How We Do Financial Planning

First, a financial plan of some sort or another answers the “why” question. Investing without knowing your purpose opens you up to possibly kicking all kinds of hornet’s nests.

You have to get purposeful with your finances. “I want to make a whole bunch of money” is just about the lousiest reason to invest.

So, we insist on a plan to figure out your “why” before we’re even willing to talk about the “how”.

Mainstream financial planning focuses on anxiety-inducing “probability of success” calculations, as if we all lived in a gambling simulation. They even call it a “Monte Carlo” simulation and if that isn’t a ‘tell’, I don’t know what is.

As if life were a game of chance. But it’s not. We all get one shot at this, so let’s not screw it up.

When presented with a “probability of success” of say 85%, I’m asking, “What about the other 15%?”

That’s how we plan: The 85% successes will take care of themselves. We need to build a plan for the 15% of the ‘real life’ outcomes that fail.

We live in the real world. Instead of asking and answering, “Am I going to run out of money?” we’re asking and answering “How much can I safely spend right now?”

An analogy:

Think of traditional retirement planning like a standard car speedometer. It tells you how fast you’re going, but not how to drive through a storm.
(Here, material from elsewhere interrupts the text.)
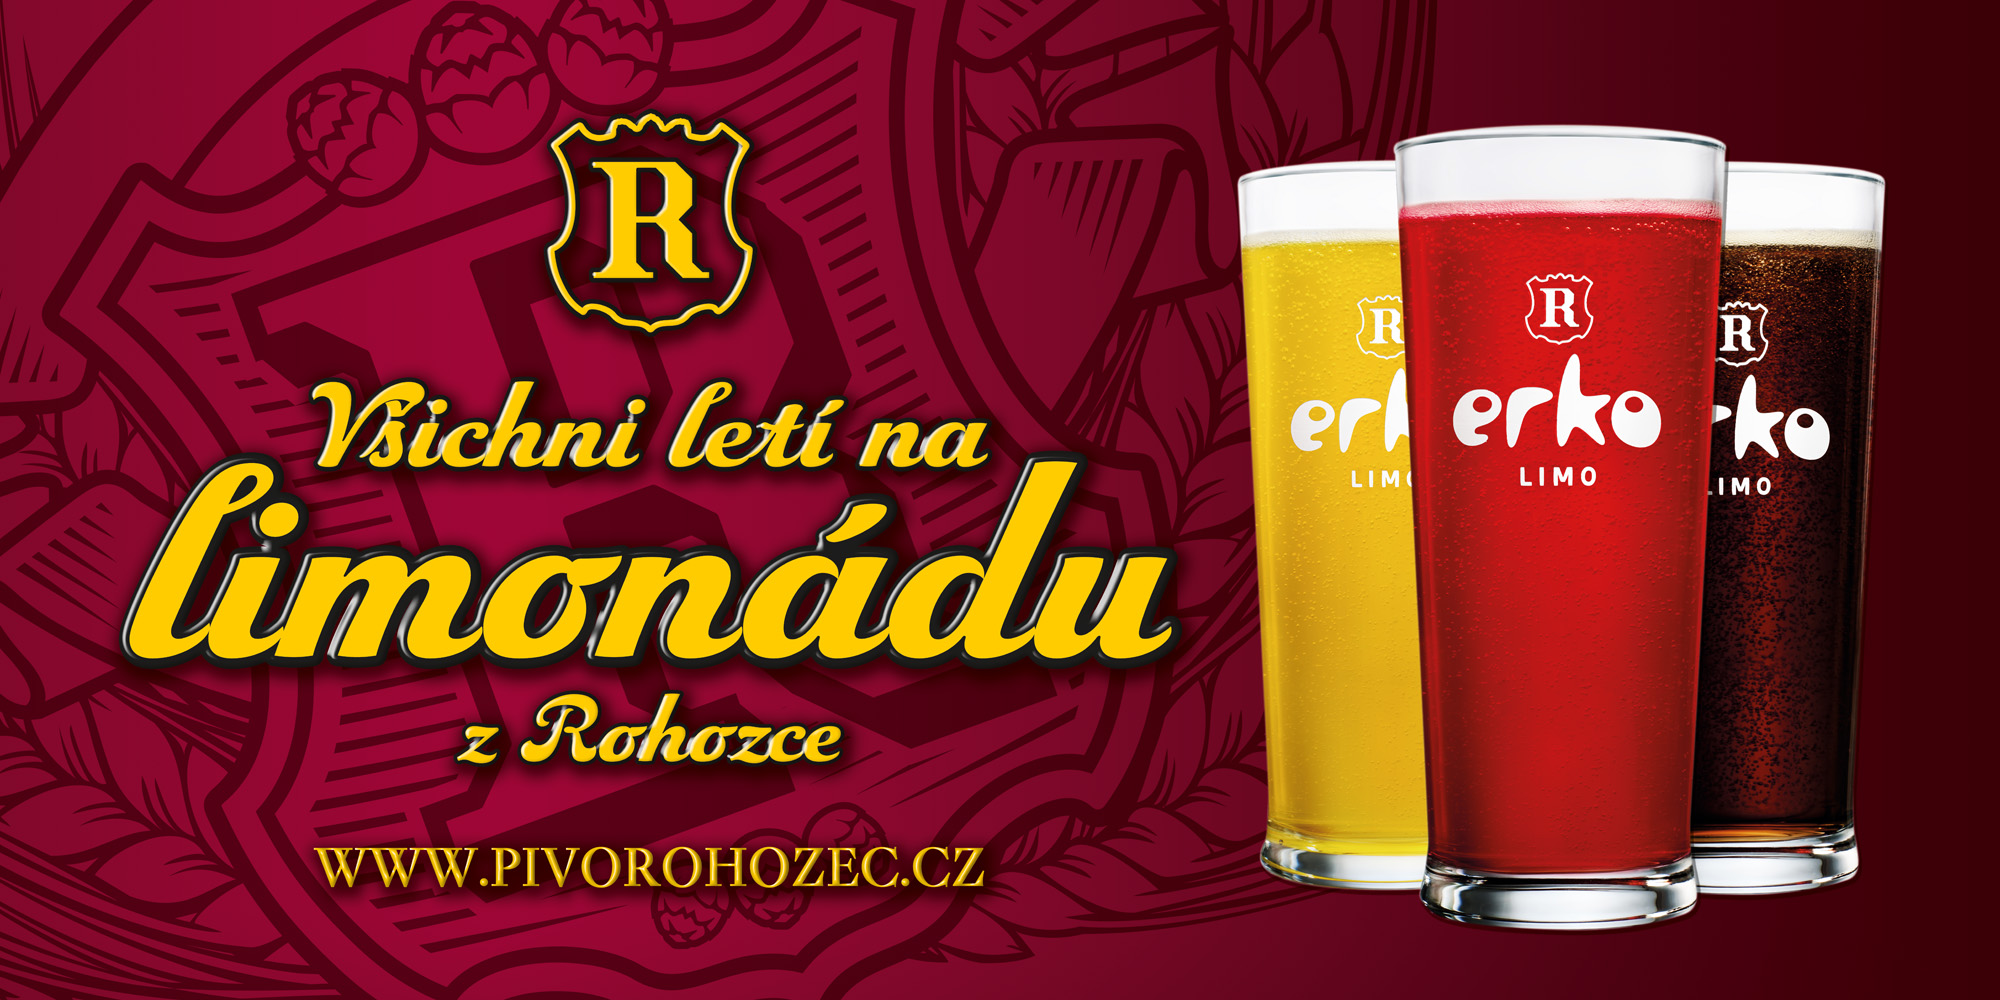 Rohozec beer, beer specials from the brewery in the Bohemian Paradise, the Czech Republic

We’re like a smart, variable-speed cruise control. We continuously map out the terrain ahead—taking into account your current age, the exact mix of your accounts, inflation, and tax laws—to calculate your safe cruising speed.

We call this speed your Spending Capacity (or your monthly retirement paycheck).

Mainstream planning only worries about the risk of overspending (running out of money). We cover that, but also introduce the risk of underspending. If you live too conservatively out of fear, you miss out on taking trips and enjoying your hard-earned wealth while you’re healthy.

So, we work with you to set a ‘cruising speed’ in retirement that balances both. We target a safe zone where there’s typically about an 80% chance of underspending (leaving a massive safety cushion) and only about a 20% risk of ever needing to make a downward adjustment.

How Do We Keep You on Track?

Imagine you are driving down a highway. You don’t need a perfectly straight road to stay safe; you just need clear lane markers to tell you when to steer.

In your retirement plan, we monitor your Account Valuation Guidelines. These are the white and yellow lines on the road—your Guardrails.

As long as your portfolio balance stays in the middle of the lane, you don’t change a thing. If you drift too far to either side, we make a gentle adjustment to put you back in the center.

For example, let’s say today your portfolio is worth about $1.4 million, which funds your $8,500 per month “Retirement Paycheck.”

If the stock market does well (we can help with this!) and your portfolio grows to $1.6 million, you hit the upper guardrail. Our systems trigger a ‘prosperity rule’ – giving us the green light to safely raise your spending to $9,000 per month so that you can better enjoy your retirement.

Conversely, if we hit a bad recession and your portfolio drops to $1.1 million, we hit the lower guardrail. Rather than panicking or watching the plan ‘fail’ (that’s the 15% from above), we simply tap the brakes a bit and reduce spending slightly to $7,900 per month to protect your nest egg until the storm passes.

The Difference Between a Financial Plan and a Paperweight

Some guys charge $3,000 or more for AI-generated slop and reiteration that they print out and put in an impressive gold leaf engraved leather binder.

And then it sits and ages, but not like a fine wine. It gets stale fast.

We’re not printing out anything… and we’re certainly not buying leather binders in bulk!

What we do is far less bougie and far more useful. We breath life into your plan by monitoring it every single month.

We automatically reconcile your actual account values, track how inflation is behaving, and adjust your guardrails as you age. If the market drops 15% tomorrow, you don’t need to call me panicking. You can log into your portal and see exactly how far away you are from your lower guardrail.

We replace anxiety with a predictable, stress-tested roadmap.